Existing skill tools (npx skills, asm, vercel-labs/find-skills) wait for you to ask. They solve plumbing — install, list, sync — and rely on you to know what to look for. That's the wrong default, because:

  • You don't know what skills exist until you go searching.
  • Popularity-ranked recommendations surface the same generic picks for everyone.
  • You forget — six months later, you're re-evaluating a skill you already decided about.
  • Every skill you bolt on imports its author's voice. Stack five external skills and your project speaks in five accents.

Skills Curator inverts the model. It's context-aware — reads what you're building and tells you what's worth considering. Recommendations refresh only when your project actually changes. And when you adopt a skill, --customize decomposes it first so it arrives in your project's voice, not the author's.

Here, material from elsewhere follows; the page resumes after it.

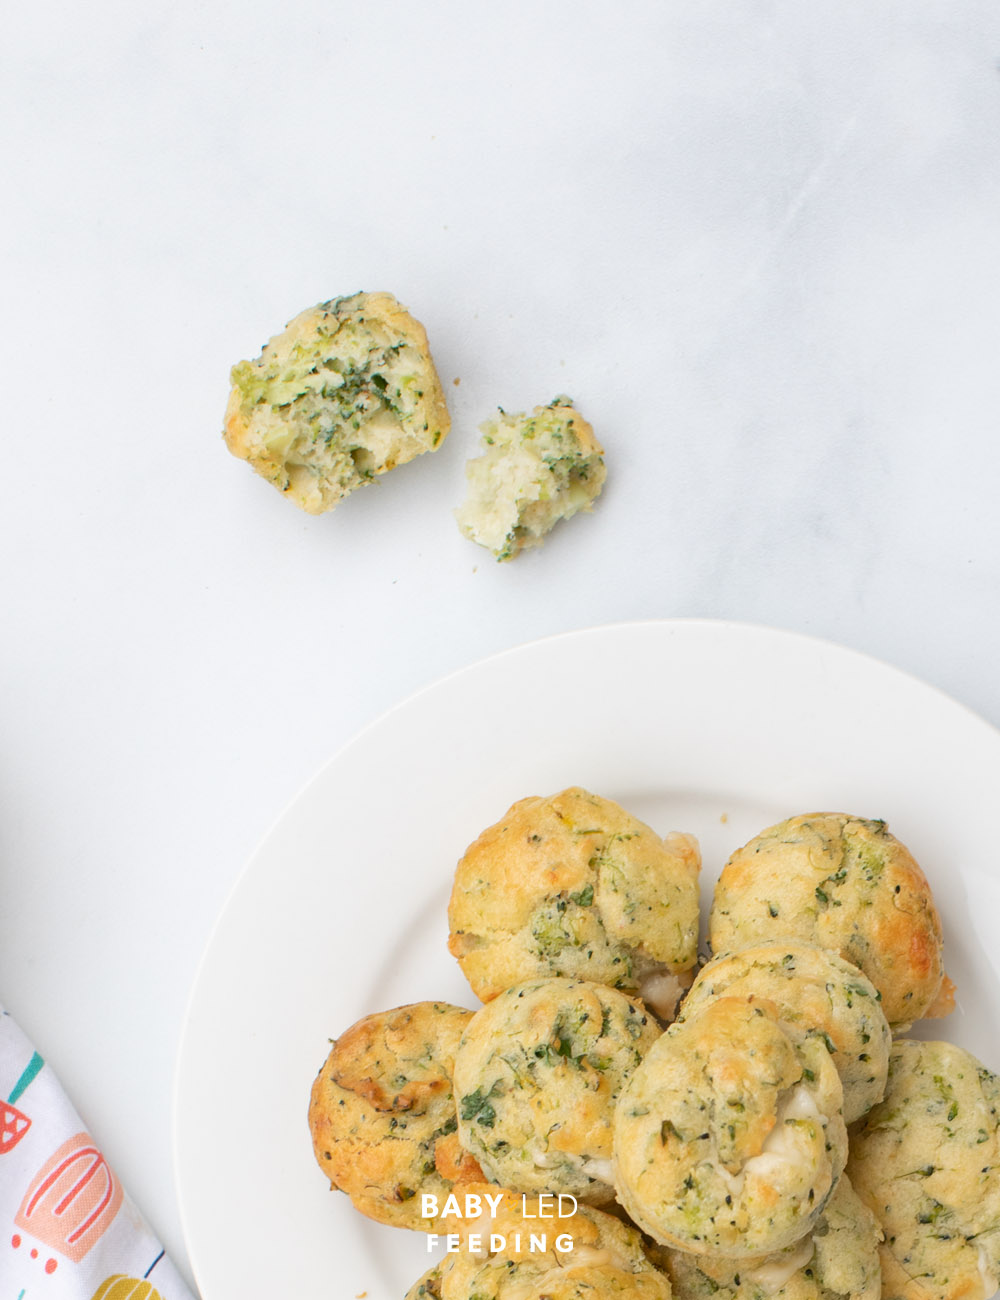 First Muffins for baby led weaning Broccoli and Cheesy Muffins Recipe 3

The mental model shift: stop treating external skills as monolithic plugins to invoke. Treat them as capability libraries to absorb selectively. Your project keeps one author. Yourself.


Features at a glance

Other skill managers Skills Curator
Install / list skills
Context-aware — recommendations match your stack, refresh on project change --auto
Listens for symptoms"slow tests" → recommends test-perf skills --symptoms (17 patterns)
Trust-rated catalog — curated + live GitHub topic search ⚠️ varies ✅ 19 curated + live
Pre-install evaluation with pros / cons / conflicts / verdict ✅ Persisted forever
Skill decomposition + project-voice rewrite — adopt capability without inheriting voice --customize
Pre-install security scan — 15 risk patterns ⚠️ post-install only ✅ Pre-install, automatic
Stack audit — duplicates, conflicts, unreviewed skills, health scores ✅ One pass
Cross-agent migration with verified paths ⚠️ partial 55 platforms
Cross-device sync via private GitHub Gist
Bounded token cost — engine reads project in subprocess, not Claude's context ✅ (report)
Honest about install counts (no fake popularity scraping)

The intelligence layer

Half of what makes Skills Curator distinctive is context-aware judgment — the engine reads your project and surfaces what's relevant so you don't have to search. The other half (--customize) ensures what you adopt arrives in your voice. Both are required for the pitch to hold.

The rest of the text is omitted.